(DATASET EXCERPT Opens)
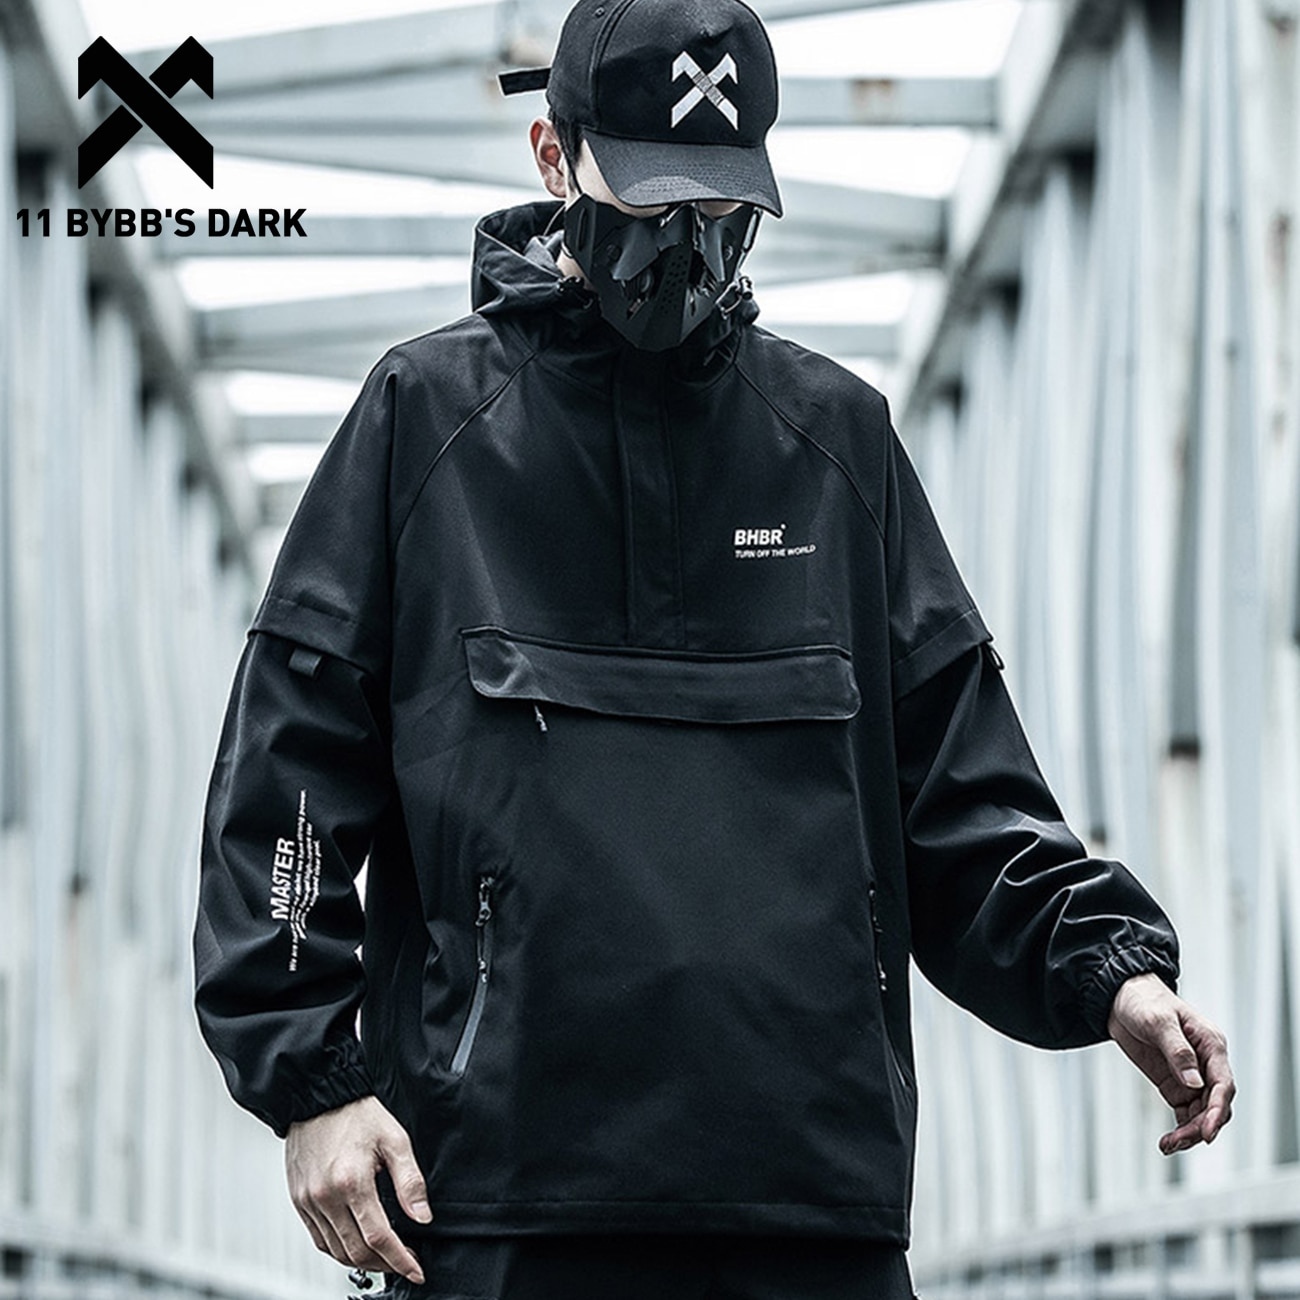 11 BYBB'S DARK Hop Streetwear-معطف بسحاب ، جاكيت شحن متعدد الجيوب ، وظيفة تكتيكية ، سترة واقية من الرياح للخريف
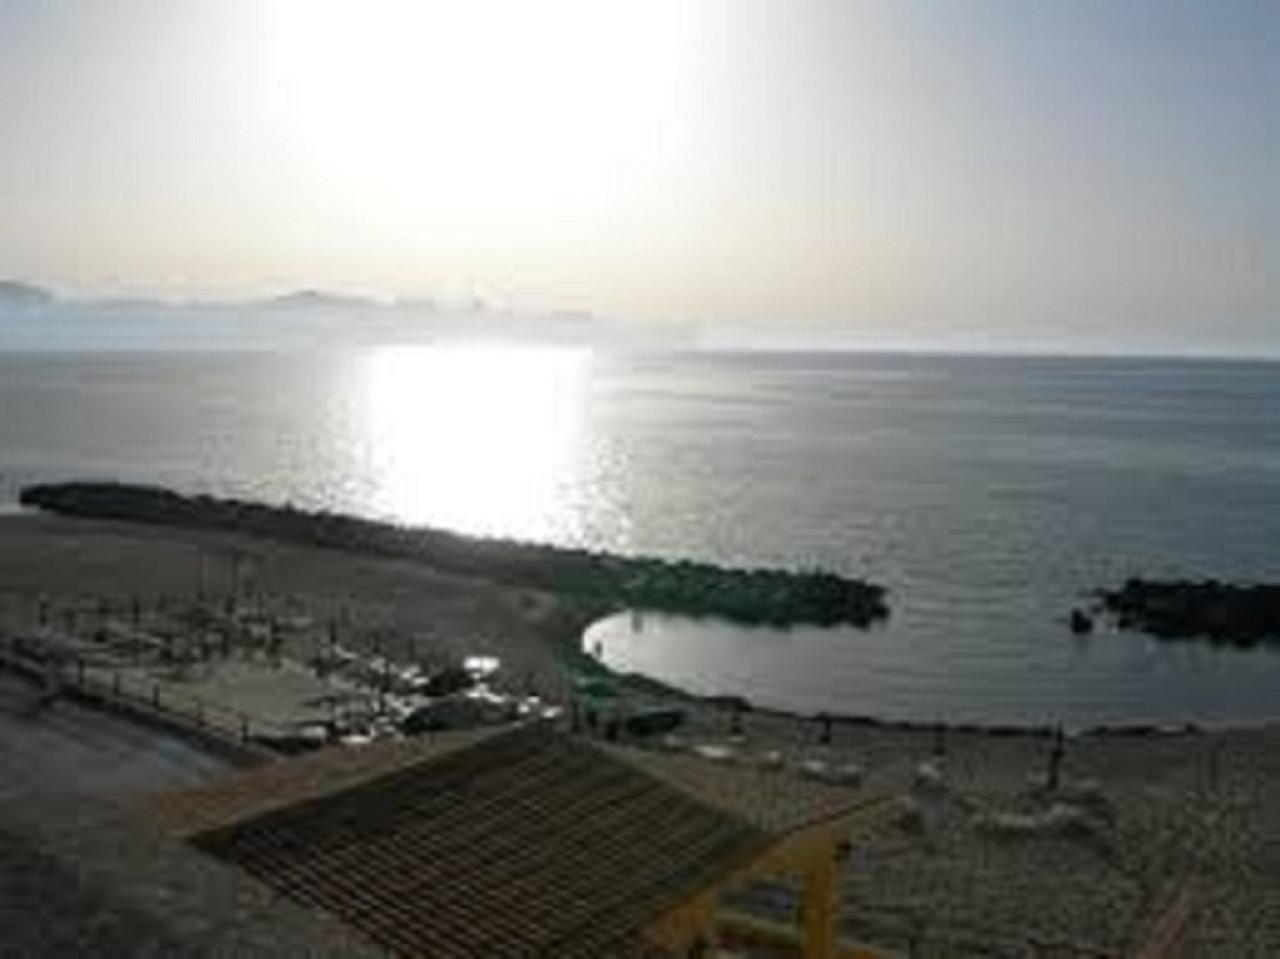 Appartement de vacances casa vacanza alba (642168), Trappeto, Palermo, Sicile, Italie, image 21
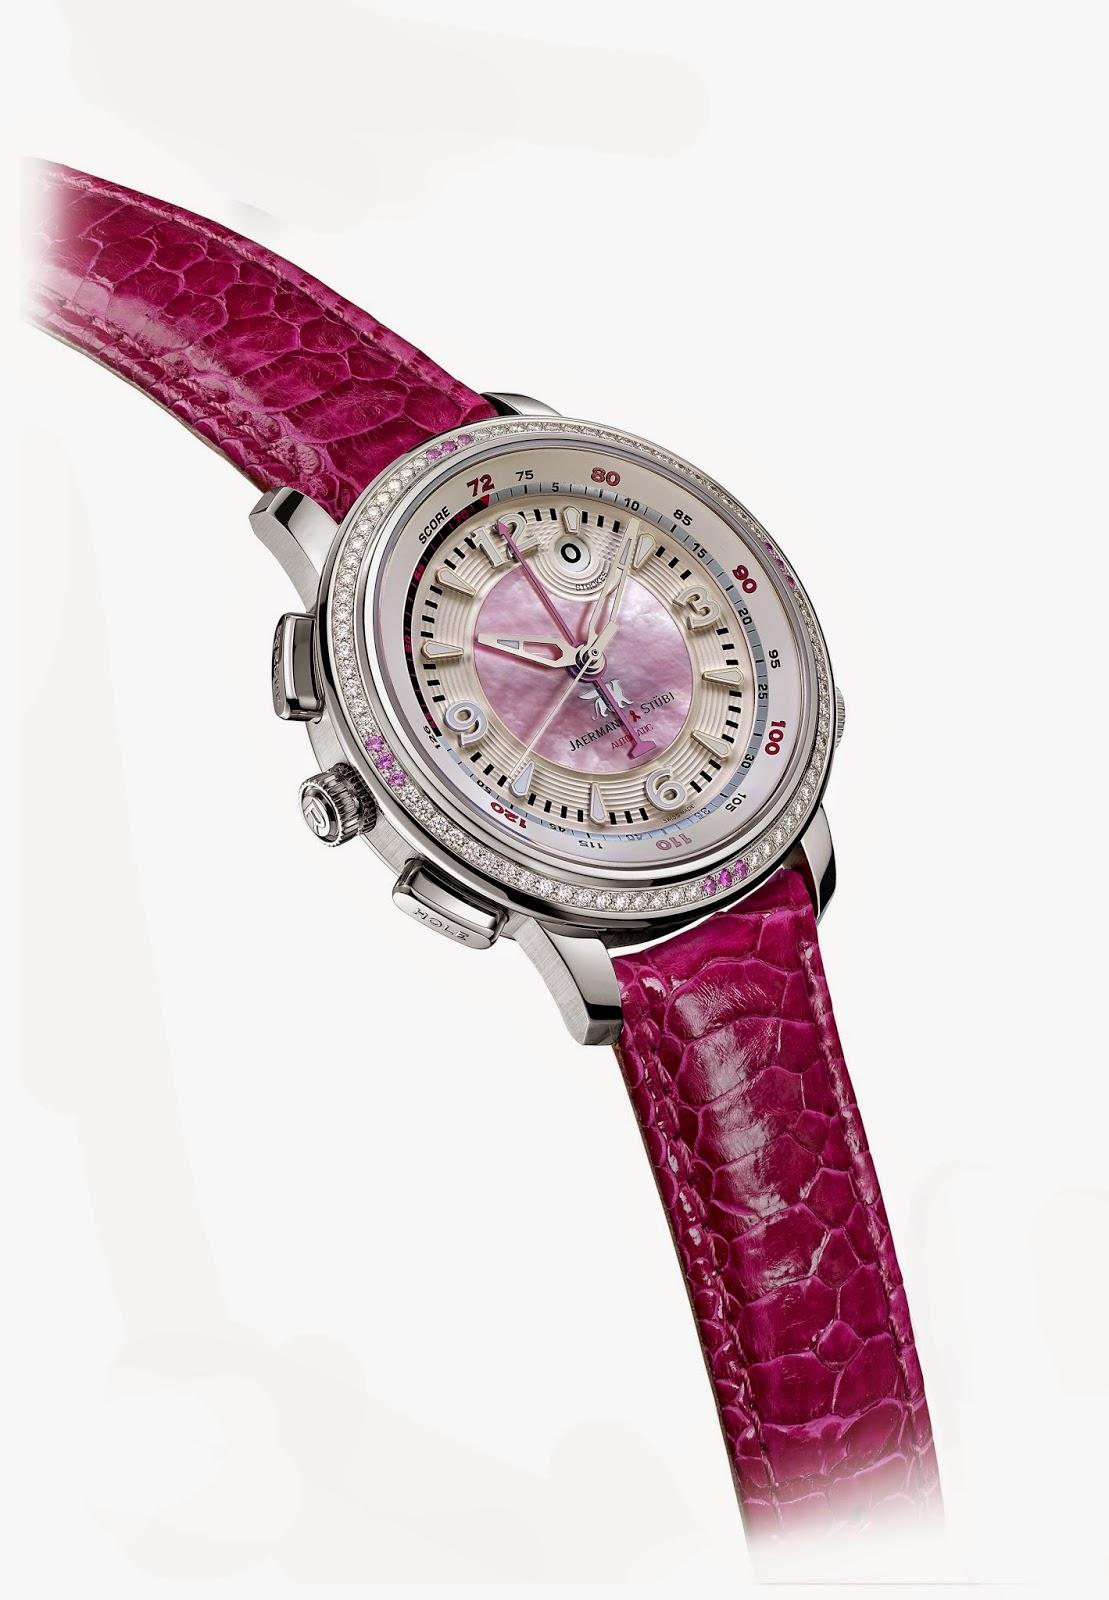 Jaermann & Stübi the The Timepiece Of Golf 1
(DATASET EXCERPT Closes)
▶ **EXERCISE DIRECTIONS**: Begin at the line that contains "Appartement de vacances" and transcribe every line through the end of the listing, exactly as written. Omit the pictures.

▶ **COMPLETED EXERCISE**:
 Appartement de vacances casa vacanza alba (642168), Trappeto, Palermo, Sicile, Italie, image 21
 Jaermann & Stübi the The Timepiece Of Golf 1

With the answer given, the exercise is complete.